The U.S. Supreme Court upheld a 1996 decision that allows legal immigrants to be held without bail while their deportation hearings progress.
In a narrow 5 to 4 vote, the Court chose to not to overrule the law, which orders the legal immigrants who have committed certain crimes to be detained even as they appeal their deportation.
“In the exercise of its broad power over naturalization and immigration, Congress regularly makes rules that would be unacceptable if applied to citizens,” wrote Chief Justice William Rehnquist of the Court’s ruling.
The actual case that called the law into question was Demore v. Kim, which involved legal permanent resident Hyung Joon Kim.

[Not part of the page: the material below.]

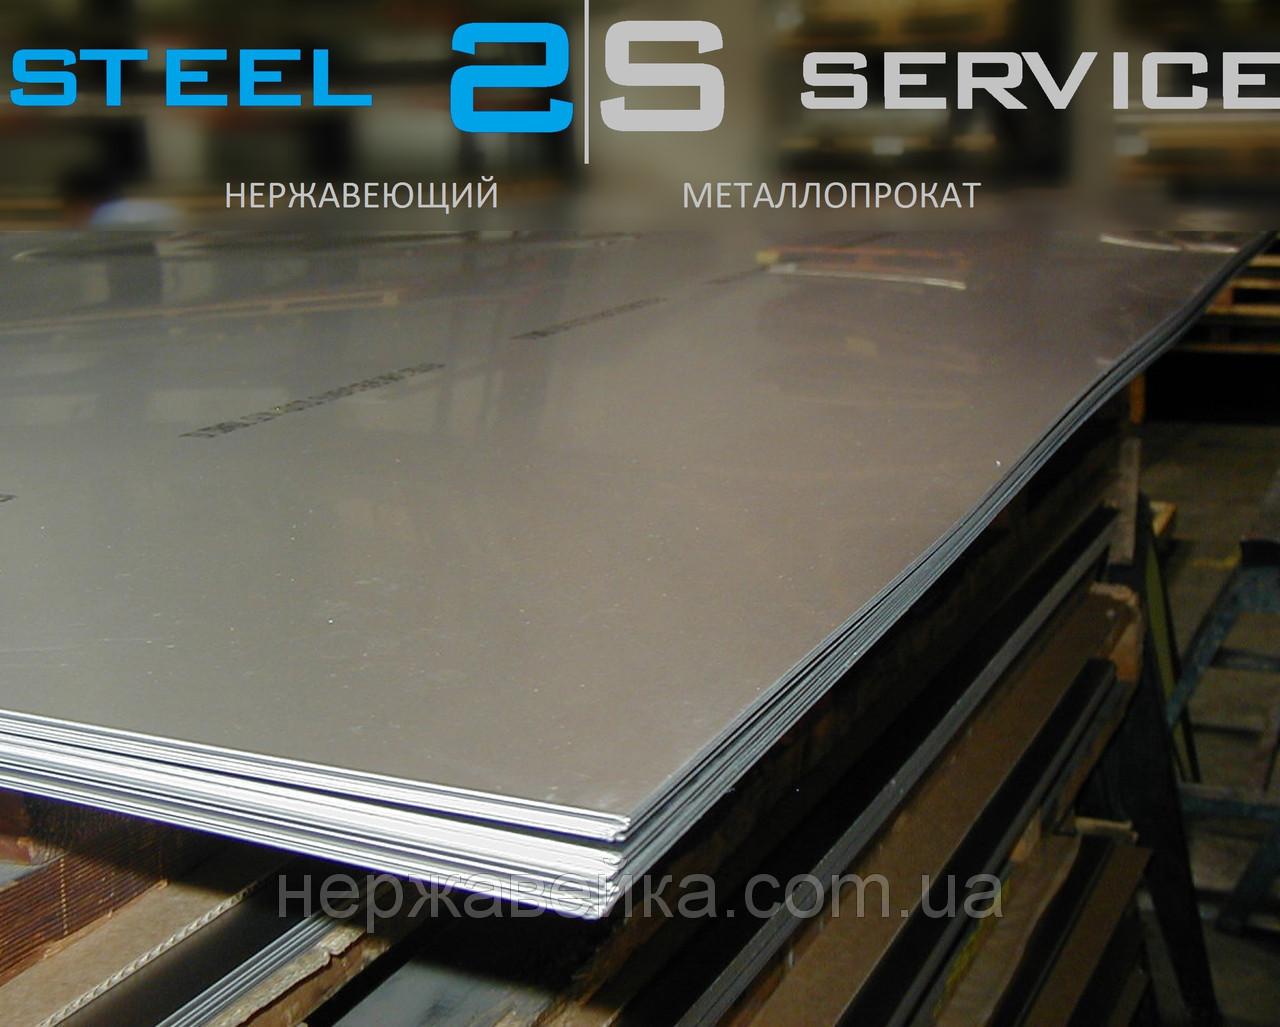 Нержавеющий лист 14х1250х2500мм  AISI 316L(03Х17Н14М3) F1 - горячекатанный,  кислотостойкий

Kim immigrated to the United States at age 6 in 1984. One day after he completed a sentence in California state prison for a petty theft he committed as a teenager in 1996, Kim was arrested and held without bail by immigration officials to await his deportation.
Rehnquist noted that in the Court’s opinion, Kim was challenging neither Congress’ general authority to remove criminal aliens from the United States, nor the fact that he himself was deportable, but rather being during deportation hearings was a violation of the Due Process Clause of the Fifth Amendment.
“This Court has recognized detention during deportation proceedings as a constitutionally valid aspect of the deportation process,” Rehnquist wrote.
Thomas Archdeacon, a professor of history at the University of Wisconsin, said the ruling addressed a legitimate concern of Congress and immigration officials trying to deport convicted felons with lawful resident status.
“Legal resident aliens are allowed to stay in the U.S. as long as they don’t do certain things, and committing felonies is an example of one of those things,” Archdeacon said. “If you commit a crime that’s serious enough as a legal resident alien, you have always been able to be deported.”
Archdeacon said the New York Times story about the ruling was misleading because it seemed to report a distinction between lawful and unlawful aliens that doesn’t exist in the law.
Guidelines for what constitutes a deportable offense vary from case to case. The most closely followed rule for deporting someone is if that person committed a crime of moral turpitude, felony or crime that carries a jail sentence of more than one year.
“The question becomes: can the government hold that person after they have served time in prison while they wait for a hearing on their deportation,” Archdeacon said. “Civil libertarians are concerned because the person has paid their time for the crime and is continuing to be held. Clearly questions arise about how long a person can be held in this status, and whether being held negatively affects their ability to gather a viable defense for themselves.”
The deportation process itself can often become prolonged because in order to deport anyone, there must be a country willing to receive that person as a citizen. A person that was a revolutionary in their native land and immigrated to the United States only to commit an egregious offense might not be welcome back in their home country.
Archdeacon said the ruling affords immigration officials the same judicial tools that local district attorneys can wield to address flight risk. DA’s can ask for a suspect to be held without bail if there is thought to be a high risk of the detainee fleeing before the case comes to court.